SQLite caching keeps result IDs and fetched page text stable across tool calls. The tool names intentionally look like normal web tools, but all execution happens in your local environment.

Install

python -m pip install local-web-search

Install optional integrations as needed:

python -m pip install "local-web-search[server]"
python -m pip install "local-web-search[agents]"
python -m pip install "local-web-search[server,agents]"
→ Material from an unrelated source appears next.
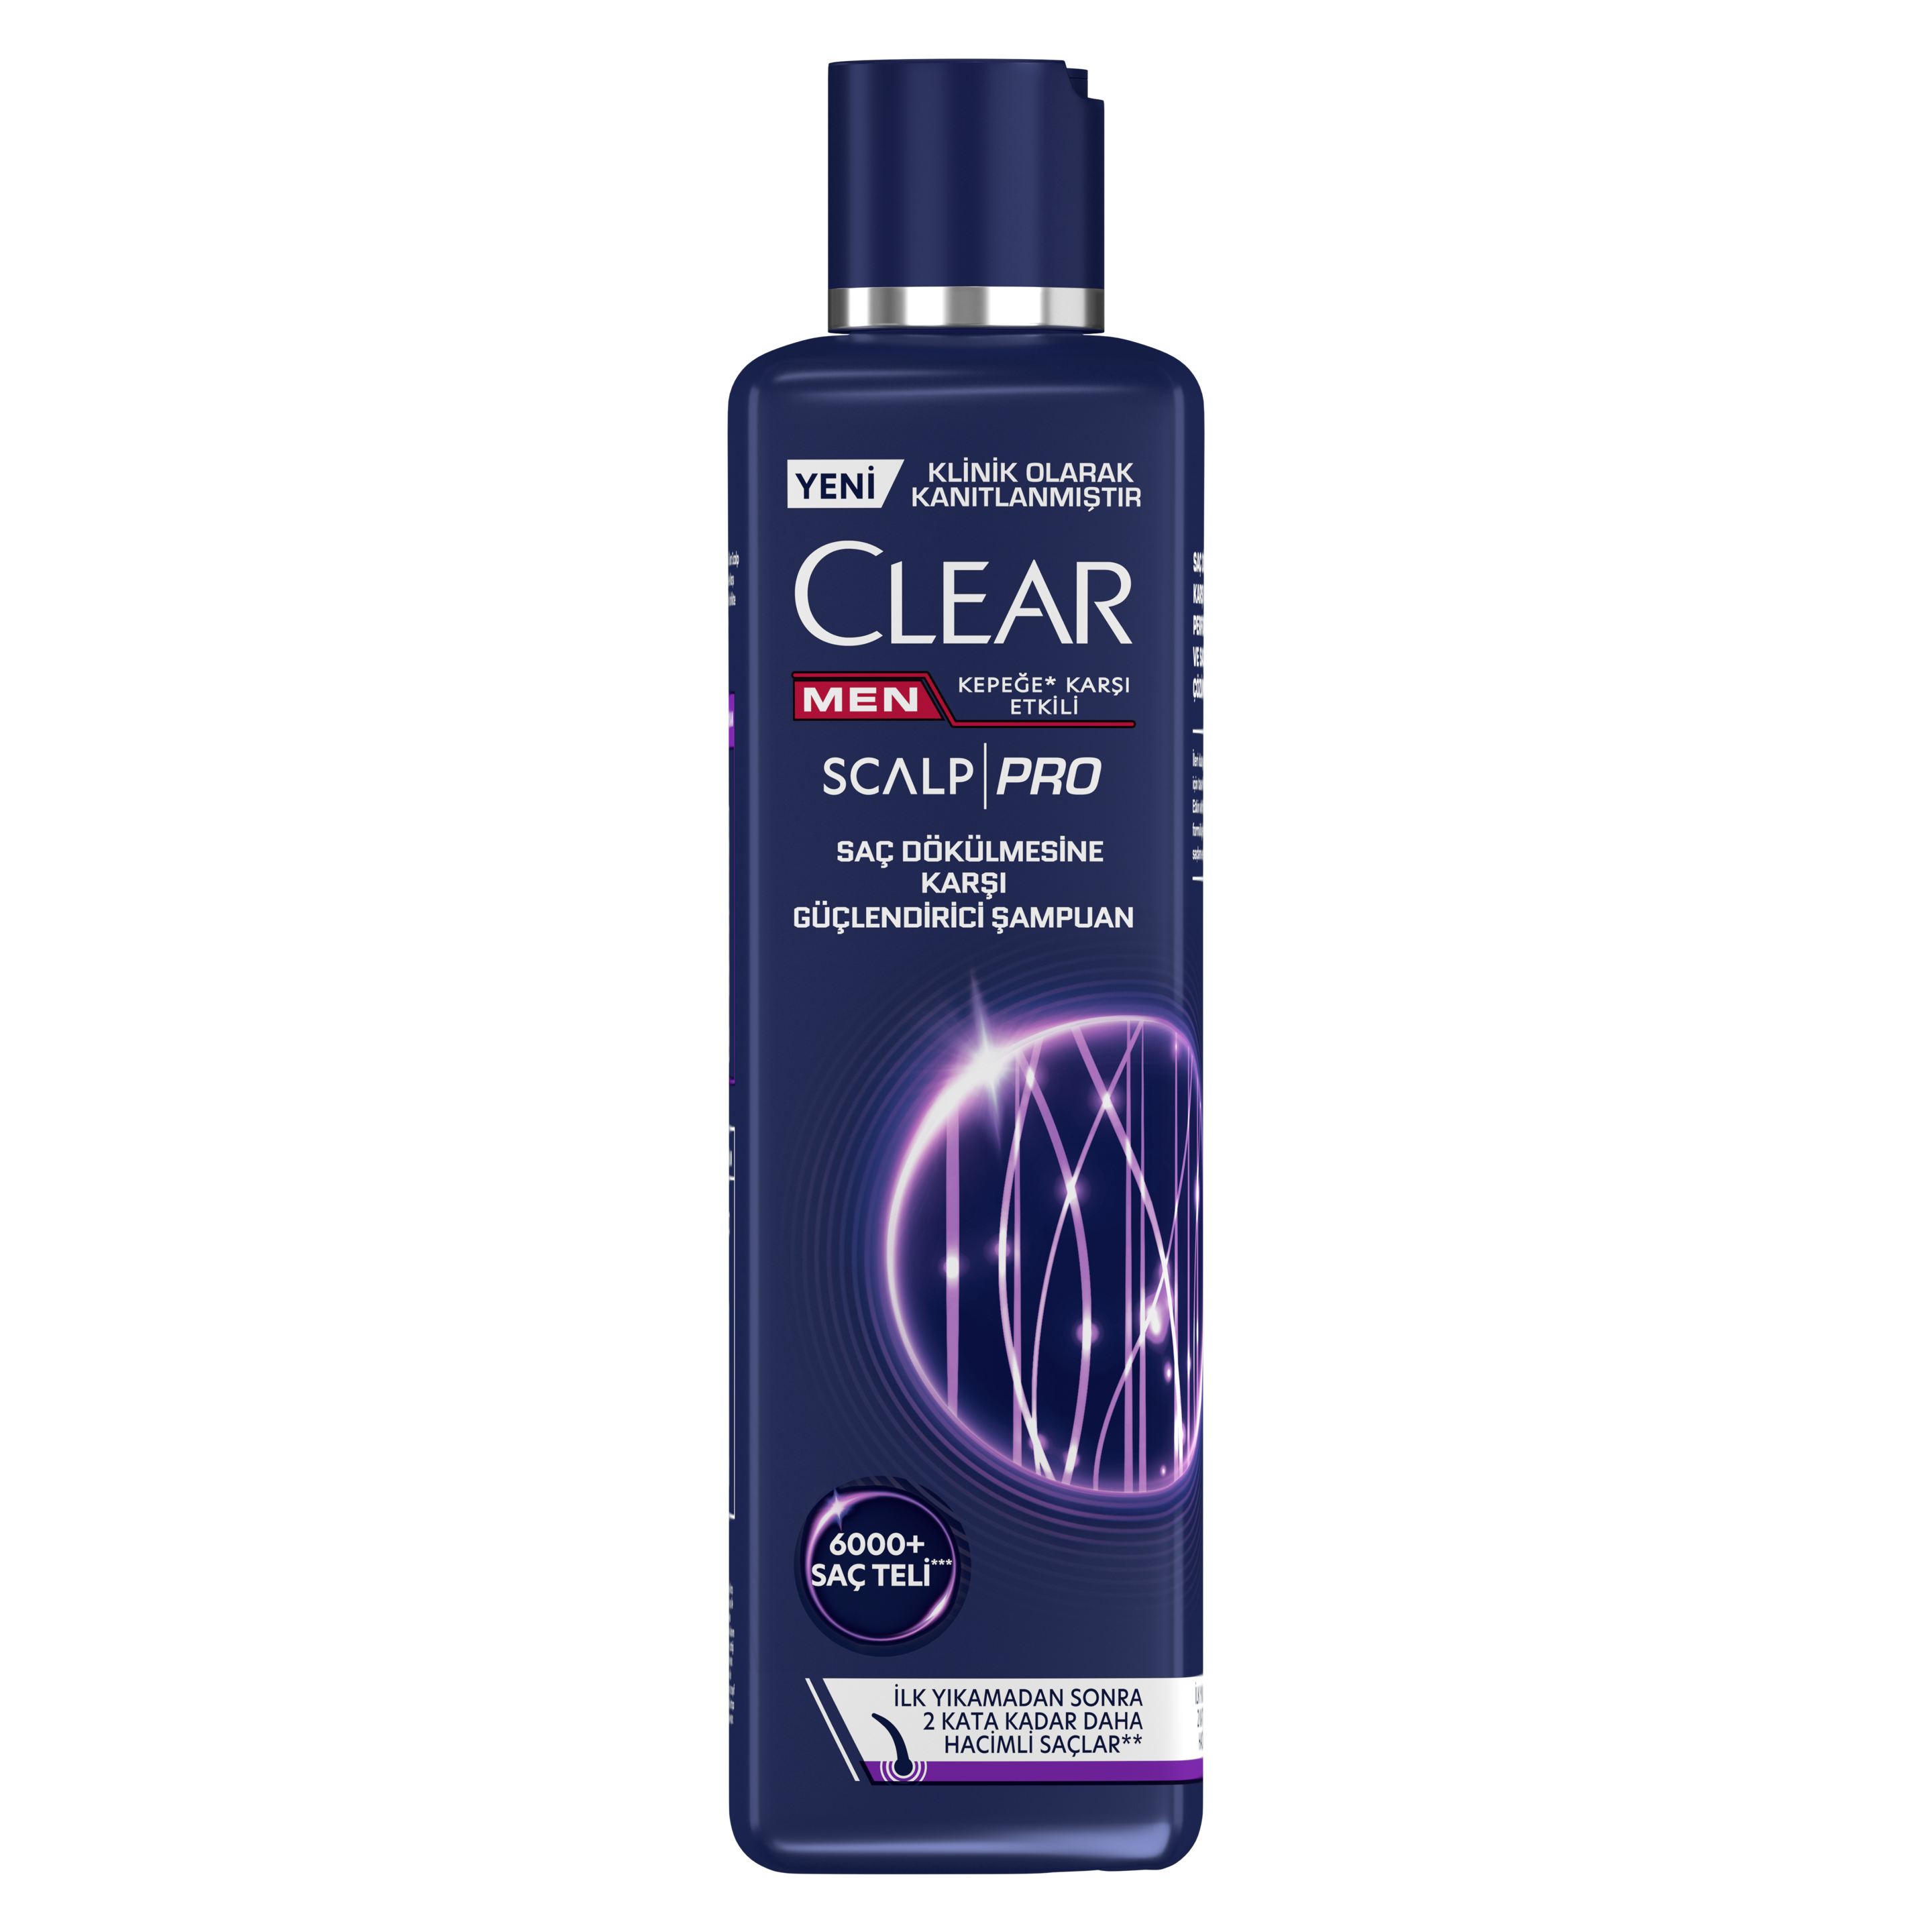 Clear Men Scalp Pro Saç Dökülmesine Karşı Güçlendirici Şampuan

The Python import package is local_agentic_search:

from local_agentic_search import LocalSearchService

Quick Start

Clone the repository if you want the bundled Docker Compose SearXNG setup:

git clone https://github.com/maestromaximo/local-web-search.git
cd local-web-search
docker compose up -d searxng
python -m pip install -e ".[server,agents,dev]"
python -m crawl4ai-setup

Check that SearXNG is reachable:

local-web-search doctor

Search from the CLI:

local-web-search search "OpenAI Agents SDK function tools" --max-results 5

Fetch full text for a result returned by search:

local-web-search fetch res_... --max-chars 4000

Fetch a URL directly:

local-web-search fetch https://example.com --max-chars 4000

Run the HTTP API:

local-web-search serve --host 127.0.0.1 --port 8099

CLI

local-web-search doctor
local-web-search search "query" [--max-results 5] [--language en]
local-web-search fetch res_... [--start 0] [--max-chars 4000]
local-web-search fetch https://example.com [--max-chars 4000]
local-web-search serve [--host 127.0.0.1] [--port 8099]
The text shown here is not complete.